“There are nights that I go to bed hungry and I’m starving”. Shabazz Napier, a basketball player for the University of Connecticut, said this to a group of reporters this year. It is ridiculous that an athlete of that caliber goes to bed hungry. Up until April of this year the National Collegiate Athletic Association (NCAA) limited Division one athletes meals. This is a clear example of a group of individuals being denied their rights. As a whole this demographic is so talented yet so exploited. Division one collegiate athletes are the best athletes in the country behind professionals, and they deserve to have the right to be compensated for their abilities. It needs to be understood that I am not arguing that they deserve to earn a salary, simply that they get a piece of the money that they bring into the school.

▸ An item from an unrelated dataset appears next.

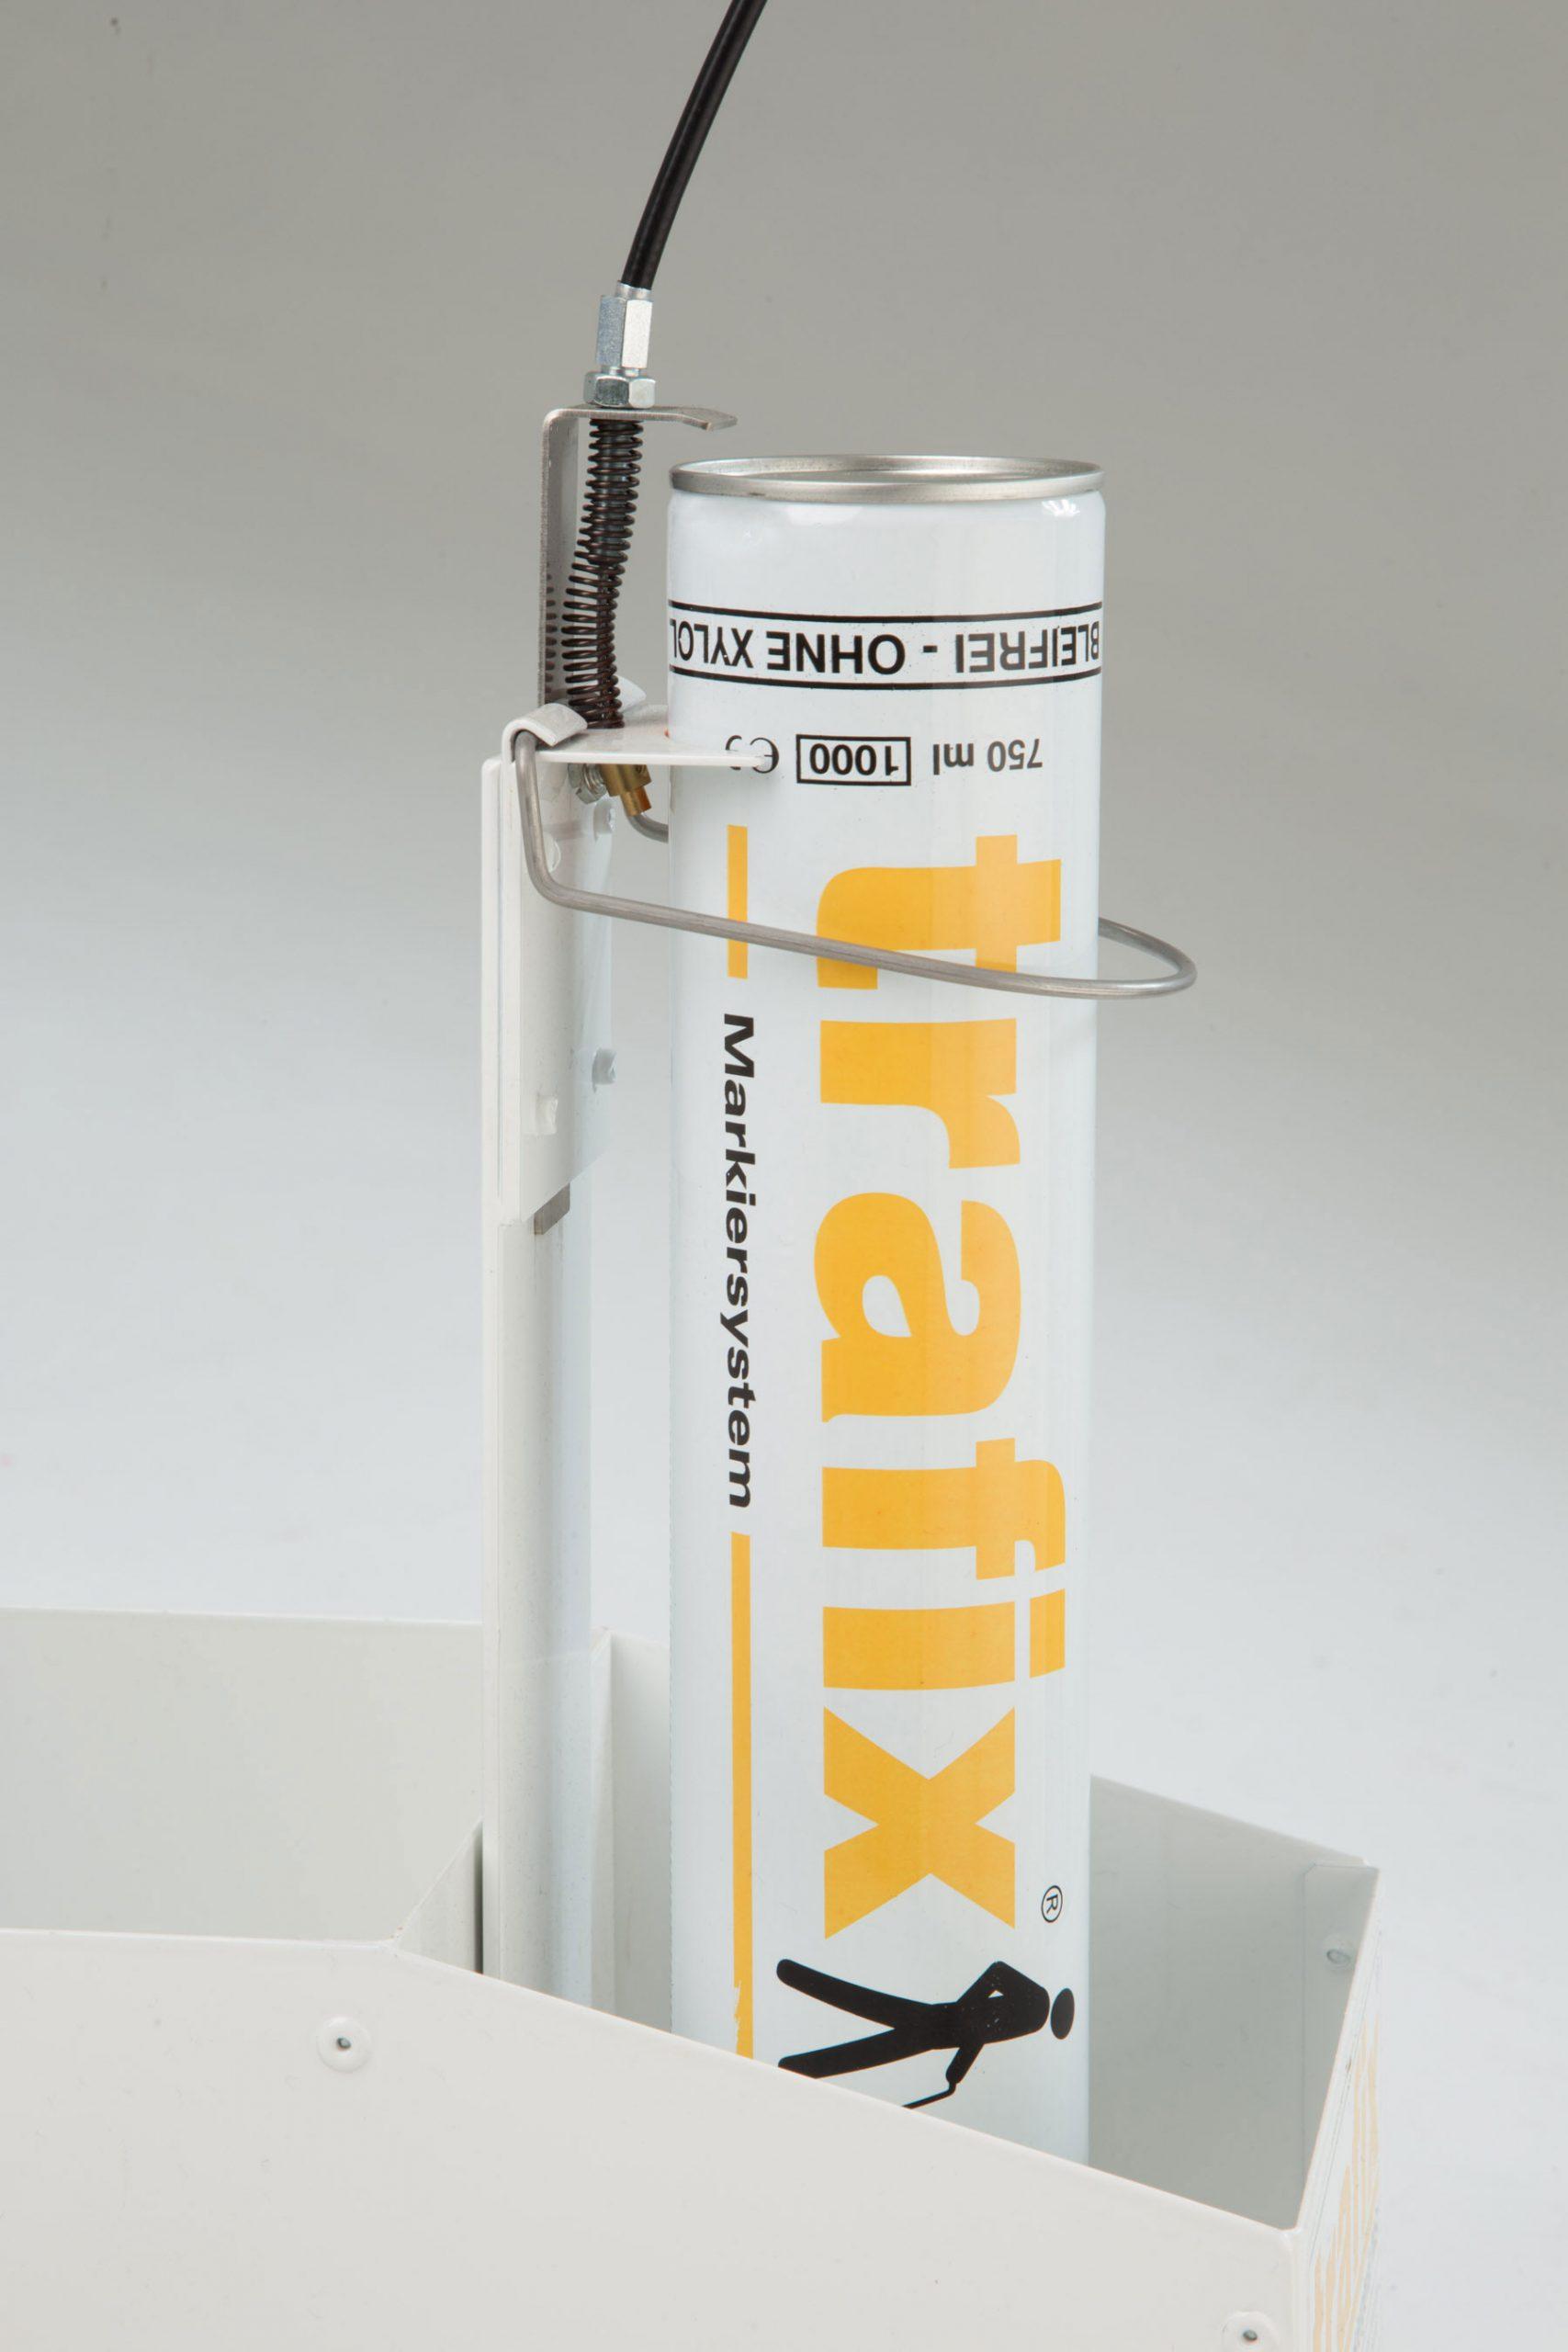 Trafix Markiersystem - Trafix Markierfarbe

The problem is as previously stated, college athletes should be able to receive money yet are prohibited from doing so. The problem originates from the National Collegiate Athletic Association (NCAA), which has deemed college athletes amateurs, and outlawed any sort of payment outside of an athlete’s scholarship. Michael Rosenberg, a writer for Sports Illustrated said in the “Schooled: The Price Of College Sports” amateurism is me and my friends playing basketball with nobody paying to watch us, not college athletes playing in front of thousands of people who paid to watch them. Division one collegiate athletes do not play at an amateur level; to call them amateurs is not only wrong, it is insulting. Amateurs do not have to preform a balancing act between academics and athletics.
These Individuals are working two fulltime jobs as student-athletes except they are making zero dollars an hour. When athletes are not in class, studying or with a tutor they are on the field, in the gym, or watching film. Wilfred Sheed, a sports writer, criticizes the notion of paying college athletes in “Why Sports Matter” by saying “the school that pays its students to play games for it loses some of its integrity as a school” (497). However Sheed fails to see the point that a school denying their students its rights has no integrity to begin with, and by refusing to give the athletes money that they have brought into the school is not only stripping away their rights but taking advantage of them.
Other critics could say that dollars generated by many college teams don’t add up to make a profit, and it is only the top football schools that do. They would be right, most of the 12 billion dollars a year that the NCAA brings in is through select schools. However, these institutions are dominant, and so are their athletes. The level of play these people compete at is paramount which is why the schools they play for are so successful on the field and financially. The fact that these individuals play at the best schools in the country that generate millions of dollars in revenue and don’t receive a penny of it is preposterous. These student-athletes are not employees, because employees profit from their abilities, technically they are indentured servants.
In the 1700’s indentured servants would sign a contract to work without pay for a free pass into the United States. Arian Foster, former football player for the University of Tennessee, said Collegiate Athletes are today’s indentured servants. Each one must sign a contract saying he or she will preform for the institution without receiving compensation in any form directly related to their sport or abilities. During their time in college these athletes will receive food, housing, and training with no option to earn money from their talents. Such exploitation is clearly a problem.
The solution to the problem is simple; give the college athletes the rights they deserve. Since they are students before athletes they should not be earning a salary. They should not, however, be denied compensation from jersey sales, commercial photo-shoots, or likenesses in videogames; the athletes alone are the source of these earnings. Its not a coincidence that Texas A&M has football jerseys in its bookstore with the number two on them. Top programs produces the top players, they are the ones that deserve to be paid because they have earned it. Not every athlete will be paid the same or even paid at all, but all athletes deserve the right to be. Most college athletes do not have their picture on magazines covers or jersey’s sold in stores. It would be unfair for everyone to receive payment if only a select few really deserve it.
In conclusion, division one collegiate athletes are being stripped of their rights by being prohibited from receiving compensation outside of their scholarships. I do not think they should receive a salary, just commission on the earnings that they are the direct source of. I also believe only the best athletes should be paid, the ones that have their jersey’s sold and are replicated exactly in videogames, because they are the ones that have earned it. In five, ten, or fifteen years when college athletes are finally being given what they have earned, the majority of people will look back and think how stupid it was that such gifted people were denied from a basic right. The minority will be the ones who have thought that all along.
Graff, Gerald, and Cathy Birkenstein. They Say / I Say: The Moves That Matter in Academic Writing. New York: W.W. Norton, 2010. Print
Schooled: The Price Of College Sports. Dir. Ross Finkel. Perf. Arian Foster, Michael Rosenberg. 2013.
Jessop, Alicia. “The NCAA Approves Unlimited Meals For Division I Athletes After Shabazz Napier Complains Of Going Hungry: The Lesson For Other College Athletes.” Forbes. Forbes Magazine, 15 Apr. 2014. Web. 04 May 2014.